El líder del PP utiliza la herramienta constitucional para tensionar al bloque de la investidura en un escenario marcado por el cerco judicial al Gobierno.
MADRID.– El Partido Popular no dará marcha atrás. A pesar de los desdenes del Gobierno y del órdago lanzado por Junts —que instó a Alberto Núñez Feijóo a viajar a Waterloo si quería negociar de forma oficial—, la dirección nacional del PP mantiene firme su estrategia de agitar el escenario de una moción de censura. El objetivo prioritario no es articular una mayoría alternativa de gobierno, sino forzar la convocatoria inmediata de elecciones generales y retratar a los socios del Ejecutivo.
En las filas populares se asume que la situación judicial del Gobierno de Pedro Sánchez «en ningún caso irá a menos» a corto y medio plazo, situando la inminente resolución del ‘caso Mascarillas’ como un posible detonante. Ante este panorama, en Génova consideran que la moción de censura es una obligación política y moral para responder a la indignación de gran parte del electorado ante los incesantes escándalos de corrupción.
Un escenario «endiablado» para PNV y Junts
La estrategia del PP pasa por poner a los socios de Sánchez frente al espejo. Feijóo ha explotado un dato aritmético clave: 184 diputados del Congreso (sumando a PP, Vox, UPN, Coalición Canaria, PNV y Junts) han exigido en algún momento un adelanto electoral.
«La moción está encima de la mesa porque no puede no estarlo. El PP tiene que plantear todas las opciones y no puede cerrar la puerta a ninguna respuesta», insisten fuentes del entorno de Feijóo.
El dilema es especialmente complejo para los nacionalistas vascos y catalanes.
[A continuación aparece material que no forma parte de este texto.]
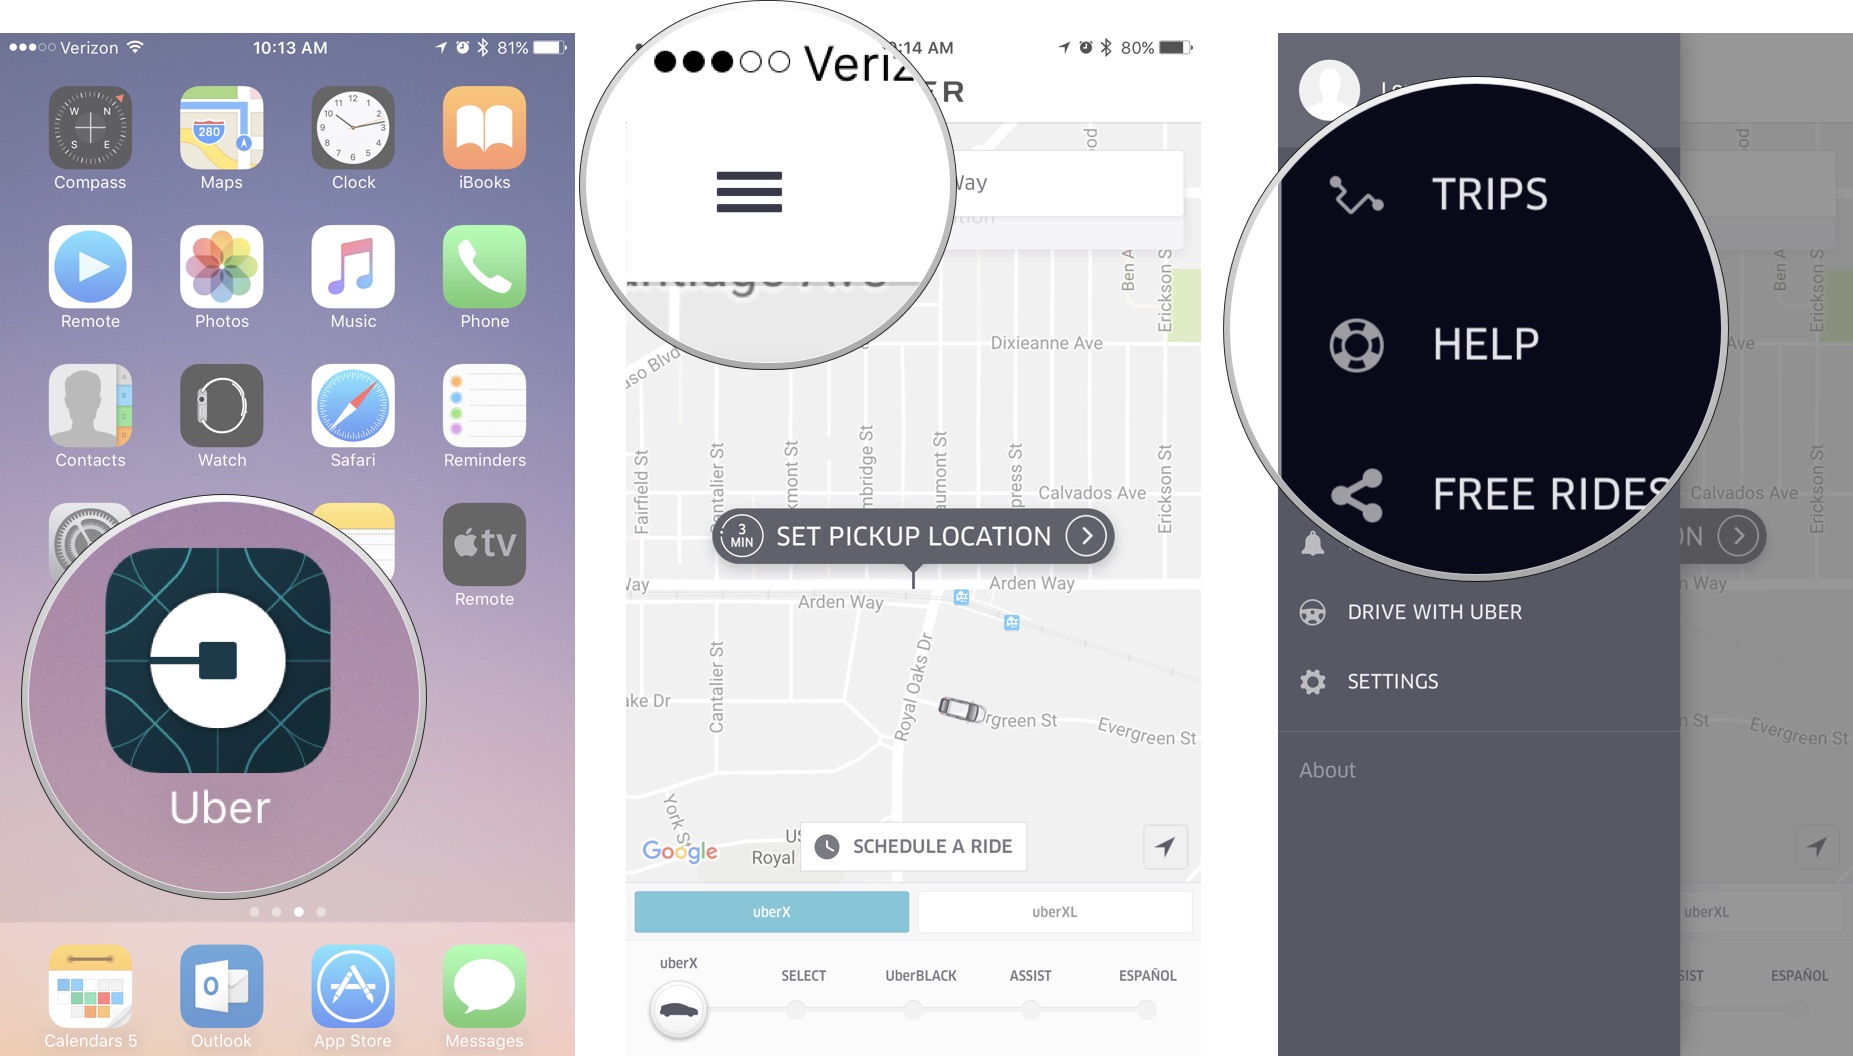 Open the Uber app on iPhone, then tap menu, then tap help

Tanto el PNV —cuyo líder, Aitor Esteban, da la legislatura por agotada— como Junts afrontan las elecciones municipales de mayo de 2027 con el temor de sufrir el desgaste electoral que supone sostener a un Ejecutivo cercado por la justicia. Aunque en privado el PP desconfía de que el bloque de investidura vote a favor de Feijóo, en Génova celebran que el secretario general de Junts, Jordi Turull, evitara descartar explícitamente la moción al lanzar su desafío.
Sin negociaciones bilaterales ni concesiones
Durante su intervención en el Círculo de Economía de Barcelona, Feijóo evitó entrar al trapo de las exigencias independentistas de trasladarse a Bélgica. «Vamos a hablar de cosas serias», zanjó el líder gallego. Desde su equipo aclaran que la oferta del PP no incluye pactos programáticos ni coaliciones con Vox, sino un único punto de consenso: desalojar a Sánchez y poner fecha a las urnas.
Ante el empresariado catalán, Feijóo lanzó un mensaje velado con el fin de que influyan en las formaciones nacionalistas: «Lo que no quieren para sus compañías no se puede permitir en el Gobierno». Asimismo, mandó un recado interno hacia las voces del PP que piden acelerar o frenar los plazos, asegurando que actuará con «aplomo» y conforme a sus convicciones para «devolver la decencia» a España, «con o sin ayuda».
A pesar de que el Palacio de la Moncloa insiste en que la moción es «imposible» y que el presidente del Gobierno mantiene julio de 2027 como la fecha para las generales, el principal partido de la oposición ya ha revisado los plazos y el registro de la iniciativa. El «fantasma» de la moción de censura seguirá sobrevolando la política nacional como una herramienta de desgaste continuo.